Sure, that applies to any investment in any business, not just airlines. But the point Im laboriously making is that a supposed smart airline management like QR, a successful airline you’d have to agree, has made an investment in VA2 via Bain after due diligence. That would give confidence to other investors that it’s not a bad bet.
The point was not that VA is a risk of failure but these sky high valuations based on an acquisition from a foreign state owned company with an obvious self interest don’t mean they’ll get the same rate from other investors.
That we can certainly agree. That’s why I’m only calling the QR buy-in a yardstick valuation, ( I think I also called it a rule of thumb valuation somewhere) in the absence of any other information.

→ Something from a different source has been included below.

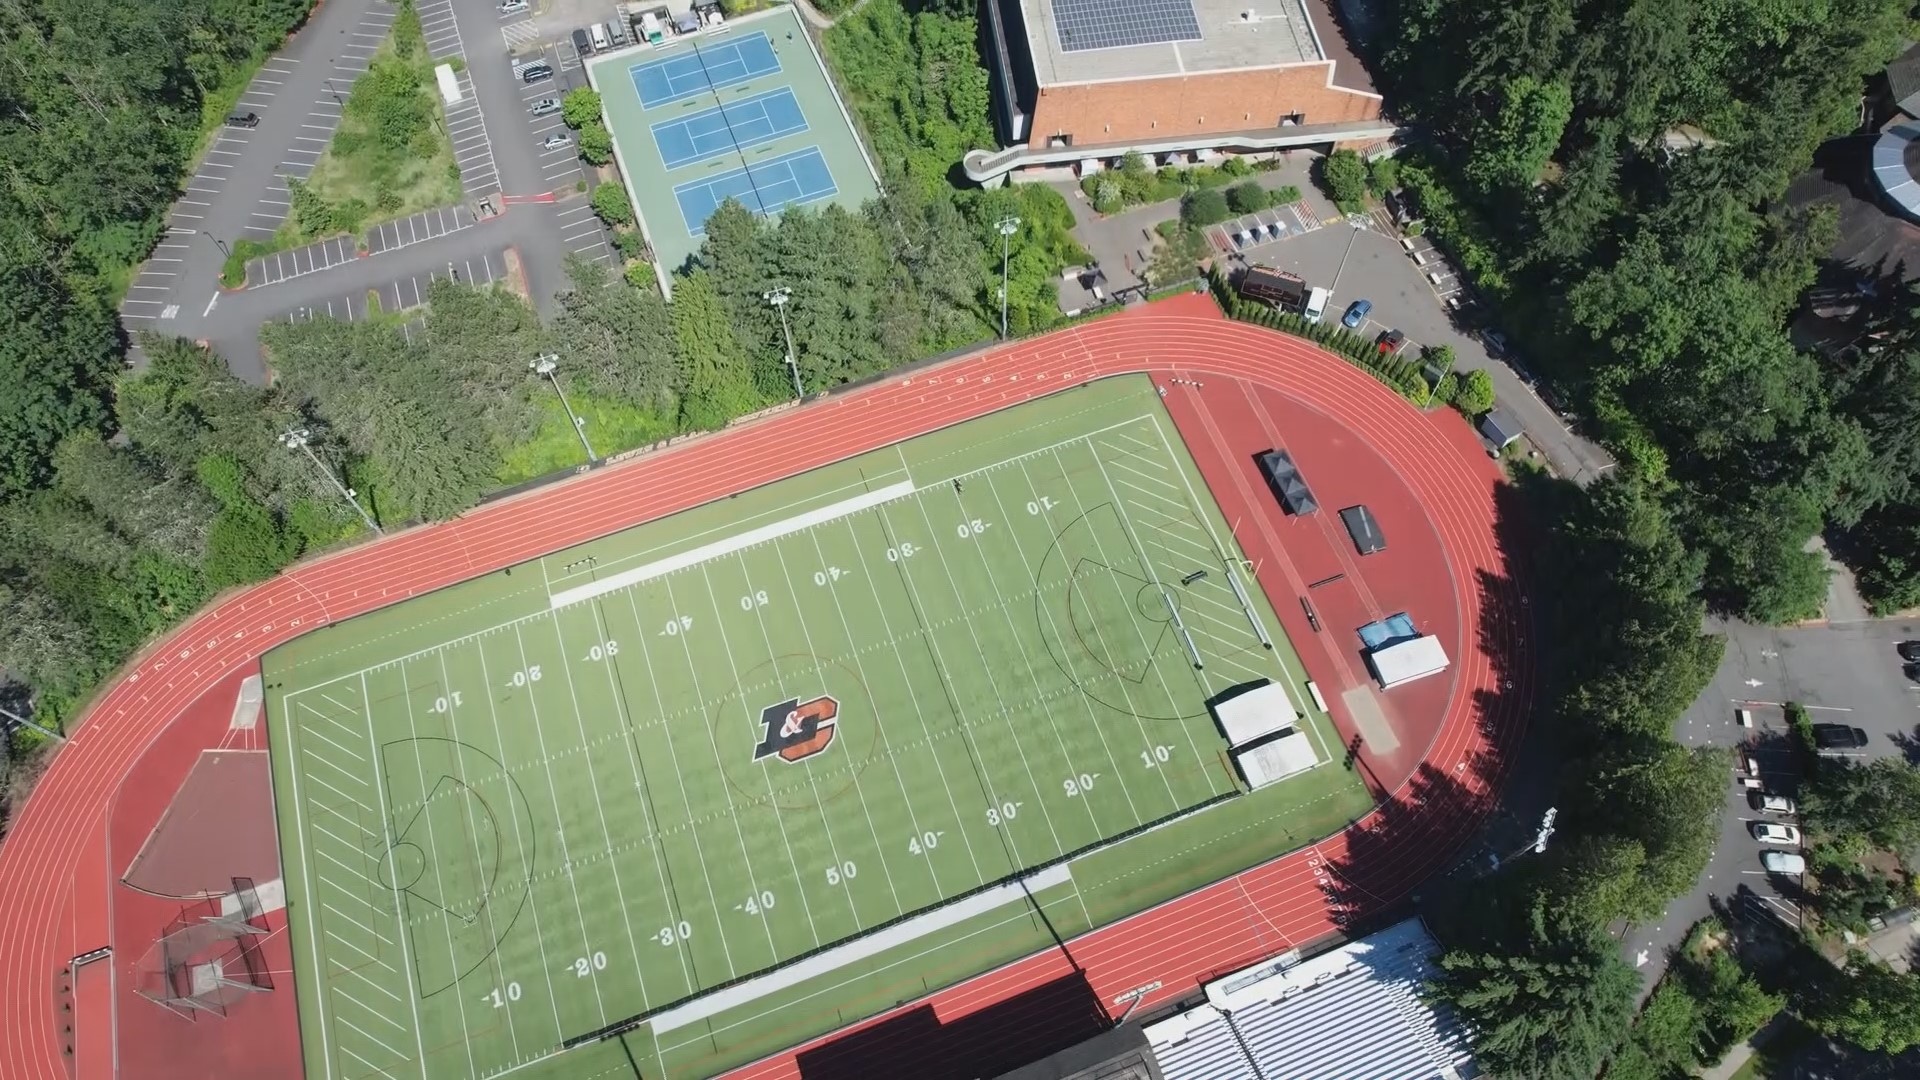 The fastest track and field athletes in the U.S. are competing at Lewis and Clark College June 10-11. Chris McGinness has details on the Portland Track Festival.

Just say there are other groups who are doing due diligence now with a view to making an investment. They will be thinking gee, do we have the capacity to absorb ups and downs like QR might? Am I going to have the same leverage in the boardroom as QR will have? Am I going to have a say in the appointment of a CEO? If on balance it’s a ‘no’ for those, then they will value it lower, but Bain will have a hard price starting point of the QR buy-in. It will be up to the other potential investors to argue down from that# and that’s why I think the QR buy-in is of additional value beyond the money tendered.
# and you would think they would be able to successfully do that, but as I’ve said, they’re arguing down from the QR high price not from an investment bankers theoretical valuation or a lower valuation without hard money behind it.